Mengapa saya dan warga lainnya dapat berinteraksi baik? Karena mereka tak menutup interaksi. Mereka tak memungkiri komunikasi. Yang mereka tutup tubuh mereka, bukan mulut mereka. Kalau saja saya meminjam alibi yang diberikan oleh pihak yang kontra dengan penggunaan cadar, yang mengatakan penggunaan cadar berbanding lurus dengan merosotnya pola komunikasi, saya dengan lantang menjawab; tidak. Kalau pola komunikasinya buruk, mengapa bubur jagung yang dijual oleh wantia bercadar itu pasti ludes sebelum jam menunjuk angka delapan?

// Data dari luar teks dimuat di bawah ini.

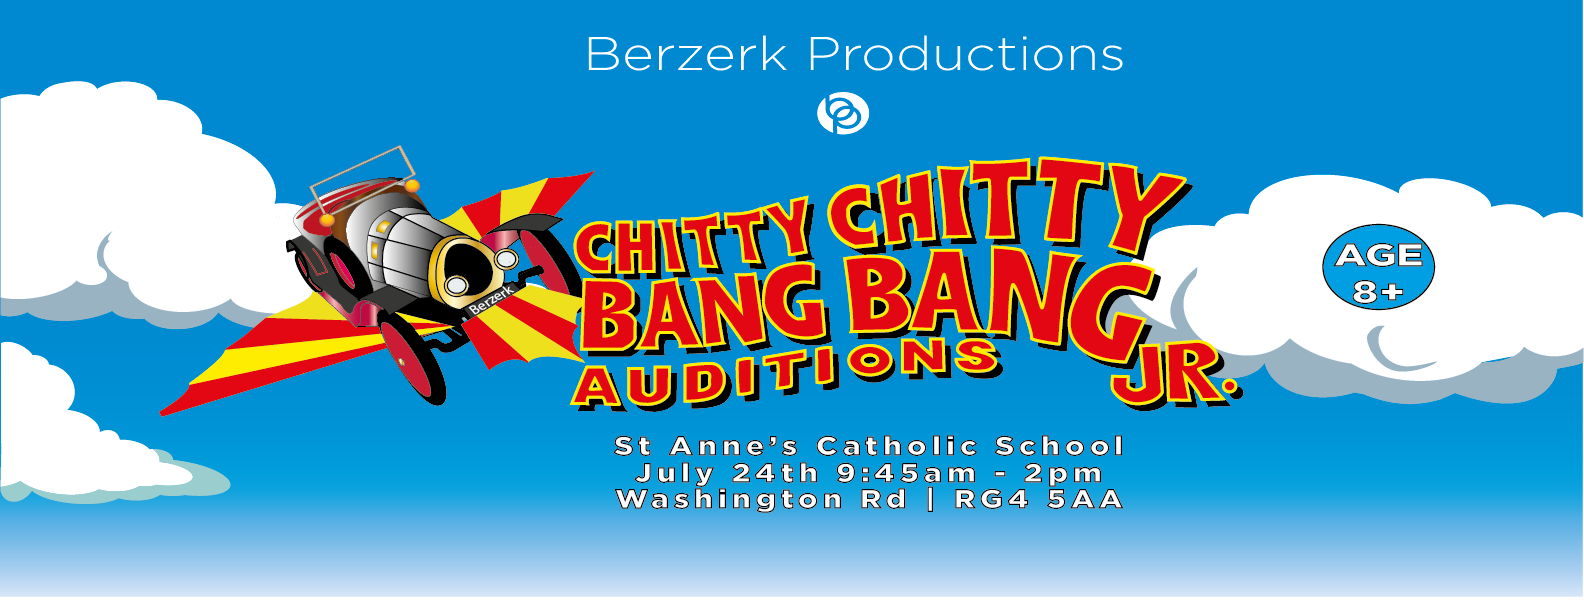 berzerk-production--chitty-chitty-bang-bang-audition-2022-banner

Apa yang saya ceritakan di sini ialah hal empirik. Karena masalah cadar ini masalah implementasinya, bukan hanya teori. Orang yang menggunakan cadar lantas dicap menganut ideologi tertentu ialah hal yang naif.Â
Apakah adil ketika saya mengecap orang yang menggunakan kaus polkadot warna hitam-putih ialah seorang liberal? Apakah adil ketika saya memberi sterotipe kepada seseorang yang menggunakan payung merah bahwa ia komunis? Jawabannya; tidak. Itu sangat tidak adil. Meski fesyen bisa dijadikan representasi identitas, namun terlalu naif dan kekanak-kanakan jika kita terlalu kemrungsung.
 Sejauh ini, saya memang seorang yang kadang kala tidak setuju dengan gagasan-gagasan yang dibawakan oleh Islam dari kubu sebelah. Namun untuk poin ini, saya satu dengan mereka. Ini bukan saja bentuk Ukhuwah Islamiyyah, namun juga bentuk pembelaan atas hak asasi manusia.
Kalau selama ini kita membela mereka yang dicap 'bebas' dengan asas kebebasan, mengapa kita tidak membela pengguna cadar dengan asas kebebasan pula? Saya berpesan:
"Tubuhmu otoritasmu. Kau boleh pakai apa saja yang kau mau. Boleh seperti mereka yang mengecap dirinya seorang feminis hingga mereka yang takzim di jalan Tuhan. Kalau kau membela kebebasan berpakaian, bela juga mereka yang sedang berpakaian sesuai tafsirnya atas sabda-Nya. Poinnya bukan ada pada aspek teologi, tapi pada kebebasan itu sendiri. Jangan malah terjebak dalam logika falasi: membela yang satu atas nama kebebasan, namun yang satu ditindas juga atas nama kebebasan. Kebebasan tak sebercanda itu."